<<<<

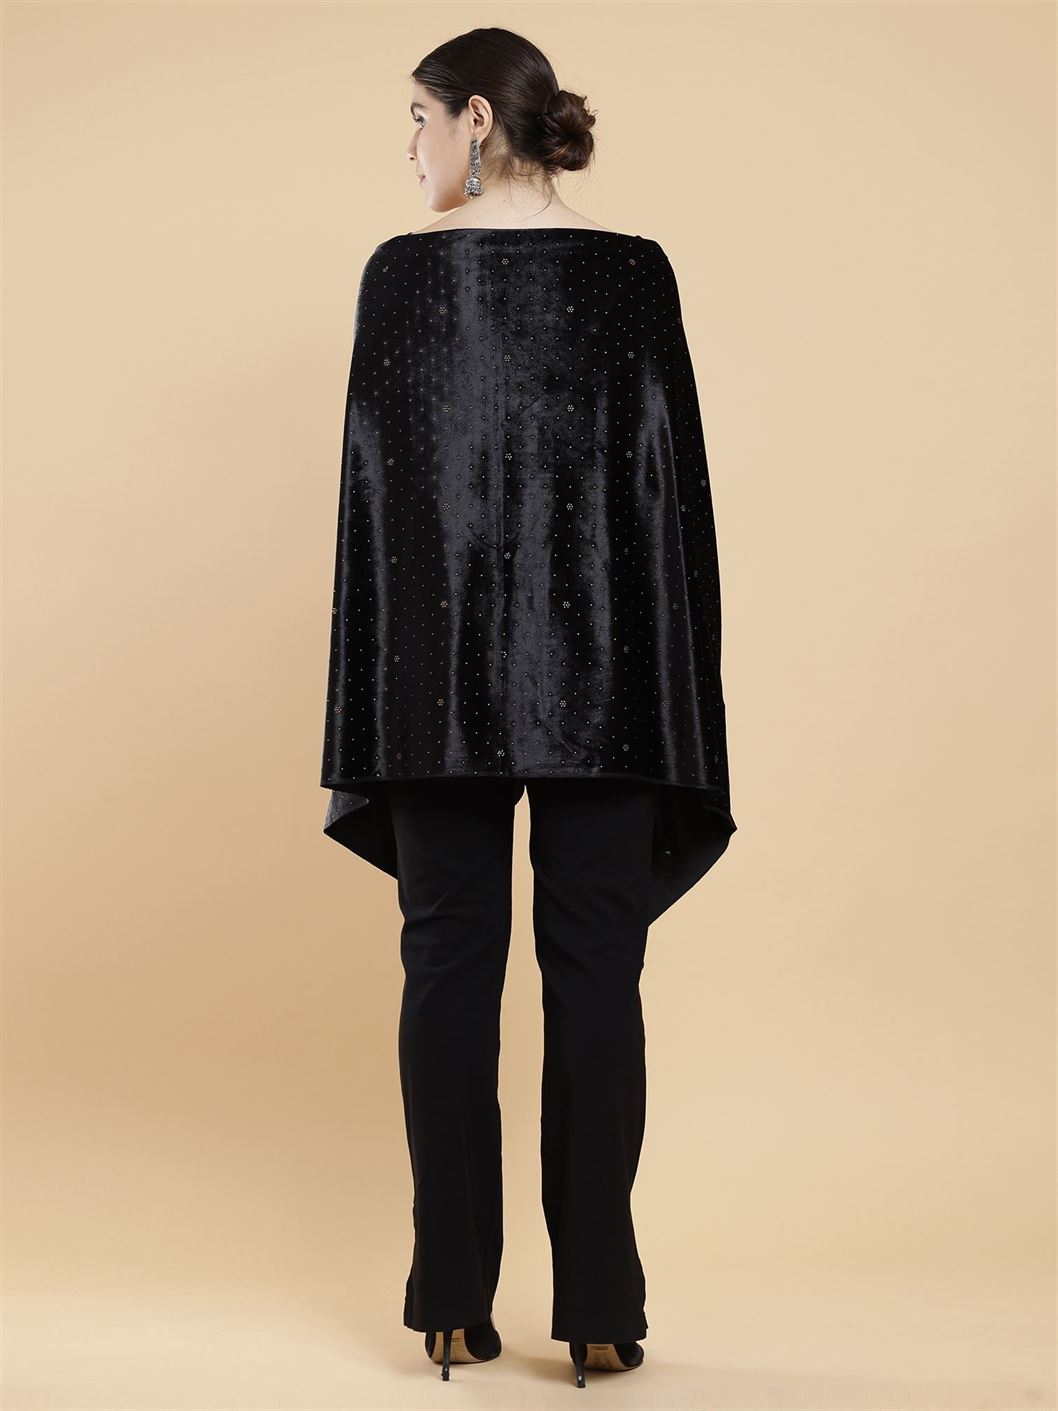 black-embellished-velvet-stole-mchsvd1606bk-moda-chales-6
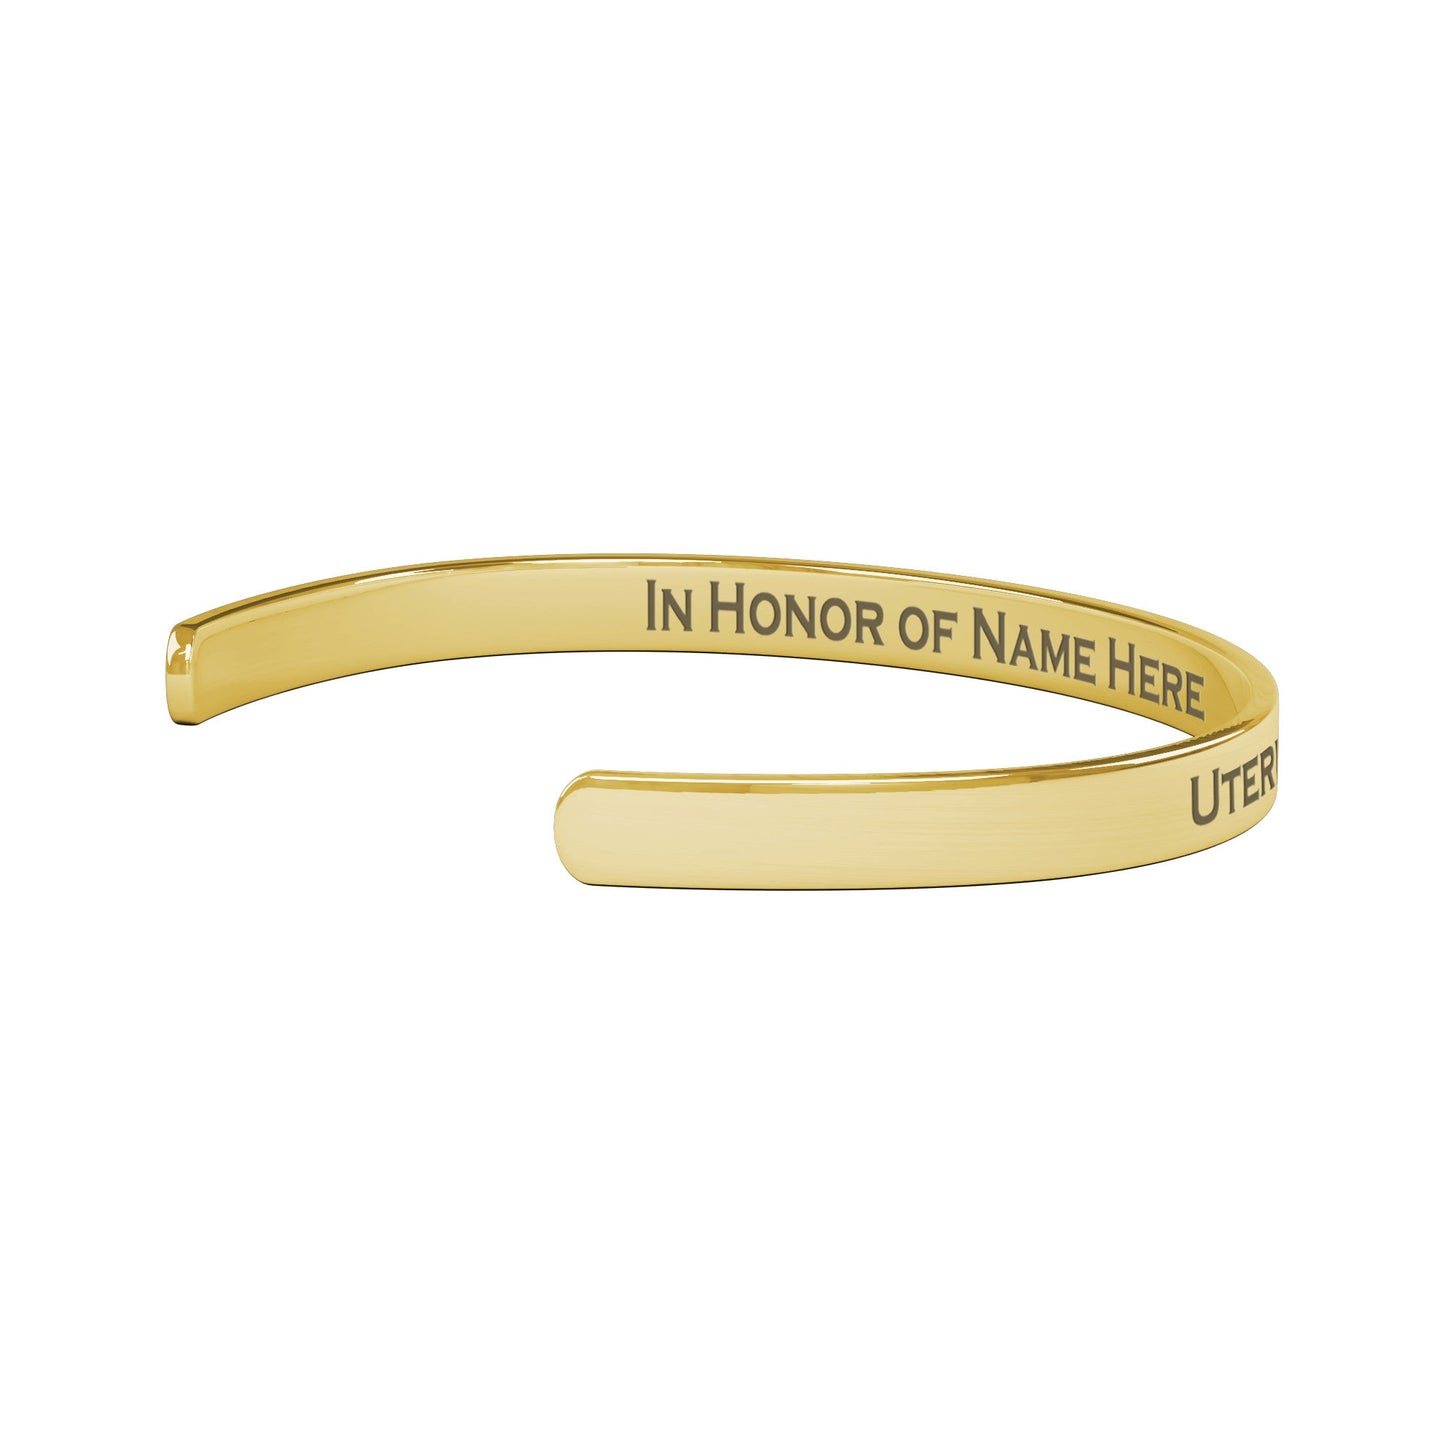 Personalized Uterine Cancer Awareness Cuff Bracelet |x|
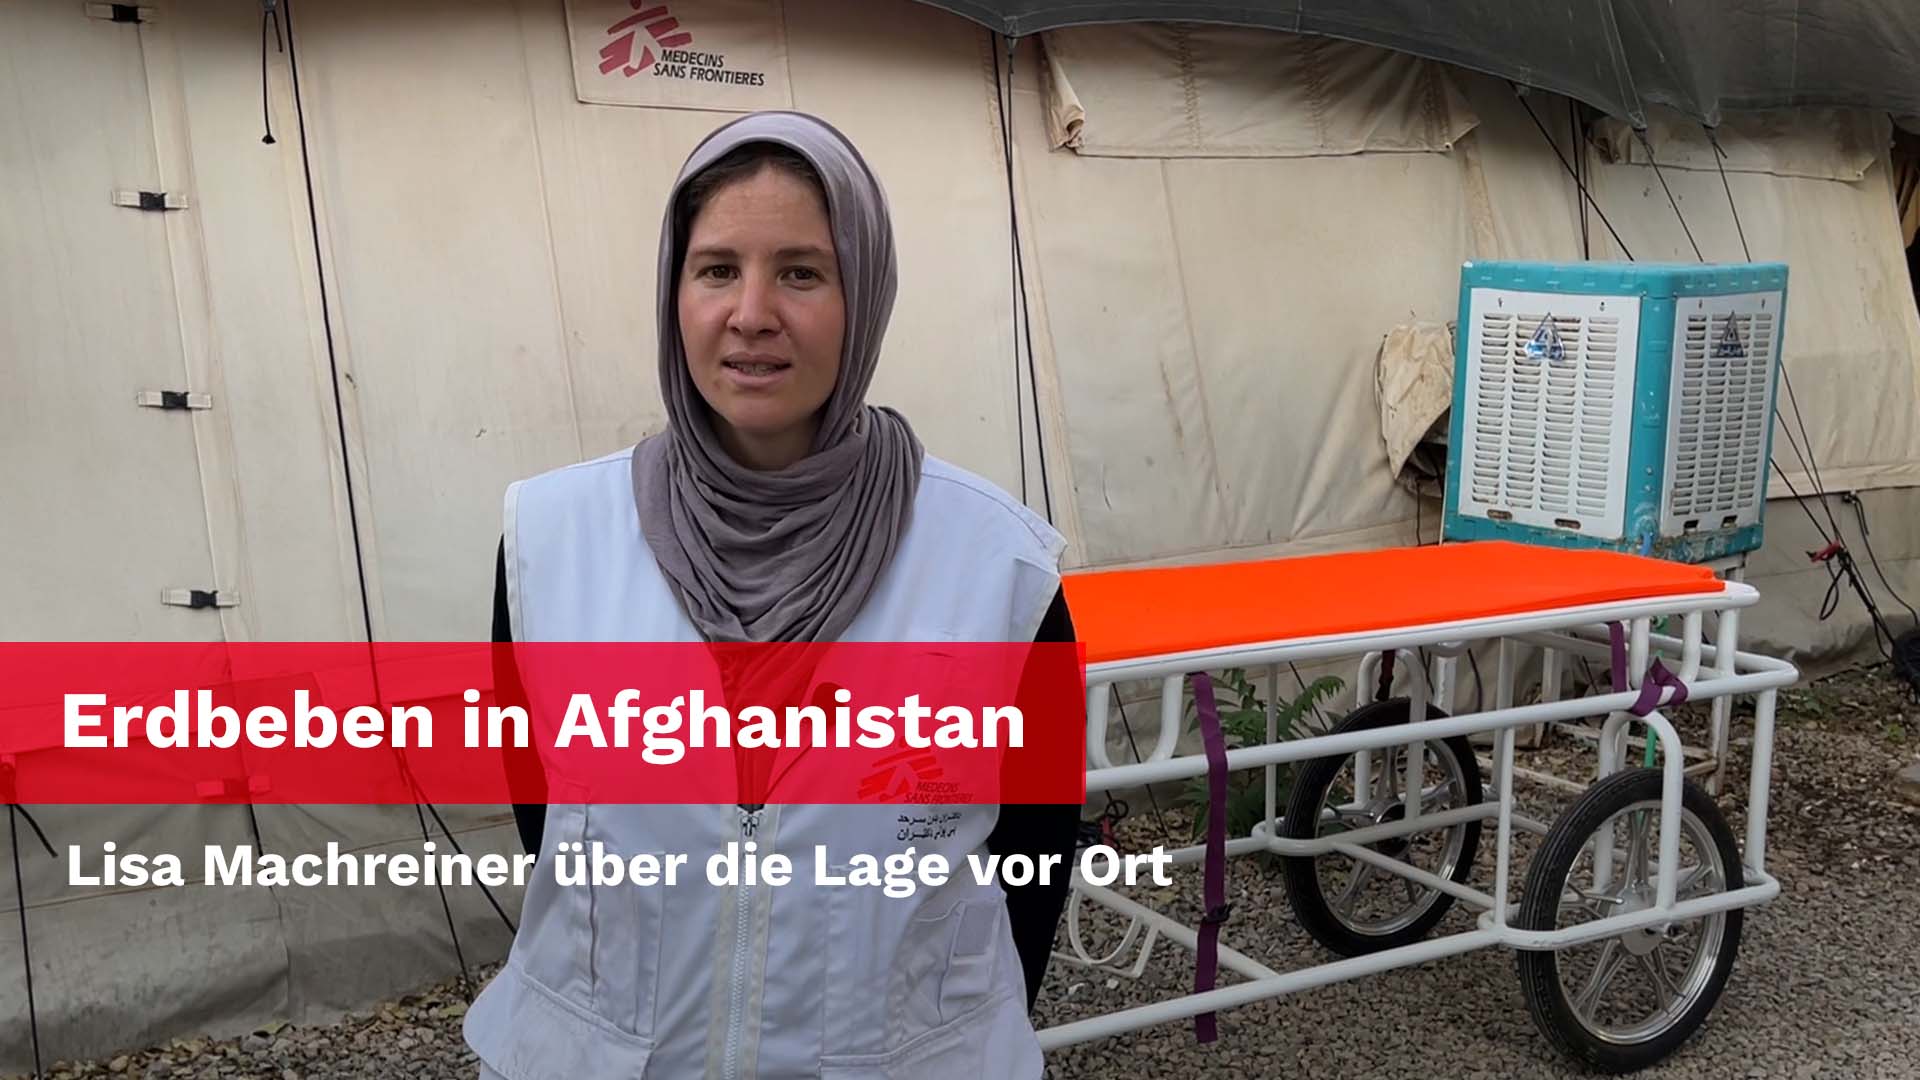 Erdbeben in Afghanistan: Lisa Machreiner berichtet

>>>>

Task objective: Quote everything in the listing above exactly; pictures are the only thing to omit.

Written response:
 black-embellished-velvet-stole-mchsvd1606bk-moda-chales-6
 Personalized Uterine Cancer Awareness Cuff Bracelet |x|
 Erdbeben in Afghanistan: Lisa Machreiner berichtet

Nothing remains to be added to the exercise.